Authors: Brock Deskins
The cleric screwed his handsome face up in disgust. “Convert her into what?”
“Ah c’mon, she has lovely eyes and a beautiful pearly white tooth.”
Maude turned to Tarth while the other two members of her little adventuring group were squabbling. “What do you think of our guide, Tarth?”
“In a savage land like this his kind will be the one most likely to see us through it alive, if he does not kill us himself,” Tarth replied, more coherent than usual.
“He called you cousin. Are you related?”
Tarth looked at Maude as if she had asked if he were kin to demons. “No civilized elf would ever dare be said to be related to their kind. My people have more in common with the sea elves than Kar’Rok’s primitive kind. They are brutal savages lacking in nobility, decency, and often literacy. No, his calling me cousin was his way to insult me,” Tarth informed Maude sourly.
Having gotten most of their supplies gathered the day before, Maude and her band spent the next day exploring the city and finding things to occupy their time while they waited for the day to turn.
They toured a zoo that had a menagerie of animals the likes of which they had never seen. Killer giant reptiles like the one that Tarth saw stuffed at the trading post, ten foot tall apes with huge powerful arms, and a massive hunting cat with fangs the size of daggers and weighing over a thousand pounds were just a few of the creatures on display.
A dark-skinned woman juggled torches and blew fire over the heads of the watching crowd and a man played a flute while a venomous serpent swayed in rhythm to the music.
They fo
und a portion of the city where the ramshackle homes and businesses were kept at bay by a large park and sturdy stone wall. Past the wall were opulent homes of the city’s elite, built from marble and sporting fluted columns supporting massive porticos and terraces.
Guards patrolled the streets and walls of the wealthy citizens’ part of the city. As the sun began its retreat behind the dense foliage of the jungle beyond Borne’s Landing, Maude’s Marauders returned to the inn to sleep away the rest of the night so they would wake well rested for their journey.
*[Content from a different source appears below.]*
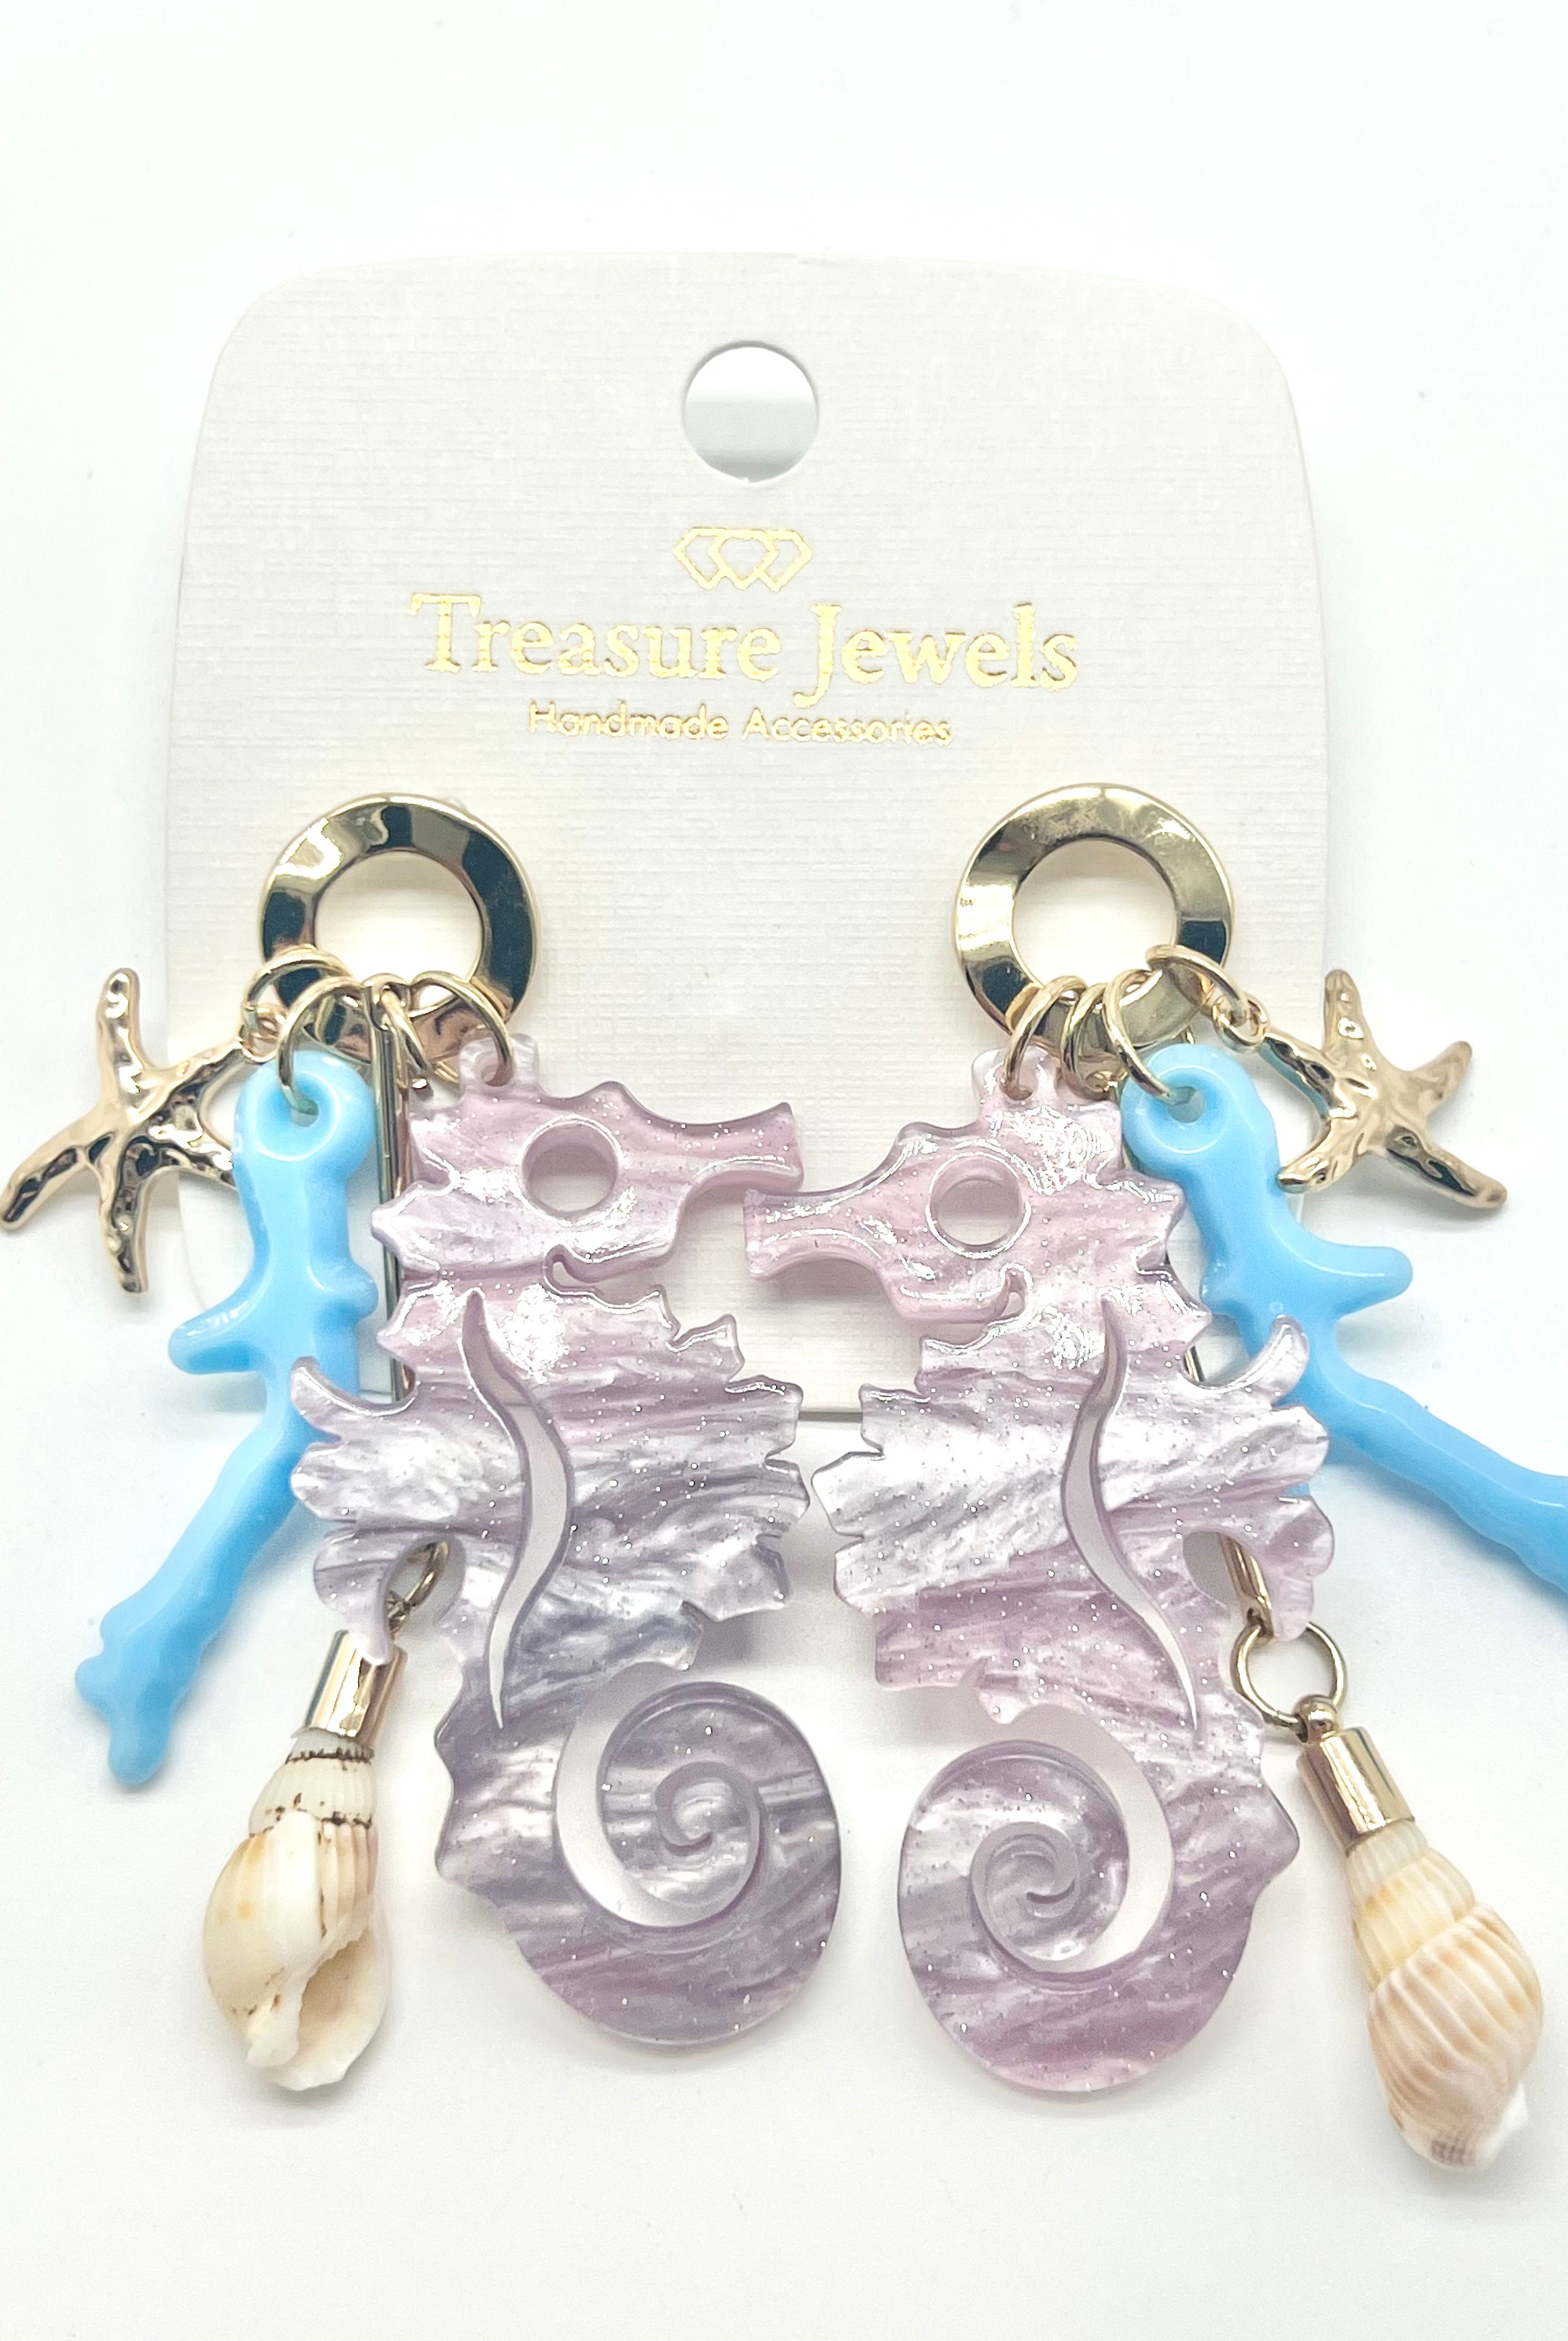 DOORBUSTER: Caballo de Mar Earrings-310 Jewelry-Treasure Jewels-Heathered Boho Boutique, Women's Fashion and Accessories in Palmetto, FL

The grey haze of the following morning found Maude and her group approaching the west side of town. In the slowly dissipating early morning mists that always seemed to cover the ground, they saw Kar’Rok waiting for them just before the gates. His garb was not much different from what he had worn the night he met them at the inn except for the steel greaves and vambraces he wore on his arms and legs. Over his reptile scale vest, he wore a front and back plate of what looked to be dark grey bones held tightly together by steel wire. He carried a recurve bow made of a dark wood with composite strips of the same grey bone-looking material. Along with a quiver packed with long, lethal arrows, he gripped a staff with what appeared to be double edged broadsword blades, each about eighteen inches long, affixed to each end of the staff.
“Do you have everything you need?” he asked as the party approached wearing packs and leading a small but sturdy-looking burro laden with the bulk of their food, water, and equipment.
“Yes, we have everything,” Maude replied.
“No, you do not. It is impossible to have everything you need, for the jungle is full of more surprises than anyone can possibly prepare for. You can only hope that what you have will be sufficient to keep you alive. Let us depart.”
“Well if he ain’t mister sunshine,” Borik whispered to Malek as they followed the elf through the gates built into the massive wooden wall that kept the jungle’s predators at bay.
As they followed the westward road out of town, they saw groups of men and guards just starting their morning work on hacking the ever-encroaching forest further away from the city wall. Men, many of them apparently prisoners given the shackles around their ankles, chopped away at thick-stalked plants and young trees with wide rounded blades about two feet long while guards watched with loaded heavy crossbows, swords, and spears.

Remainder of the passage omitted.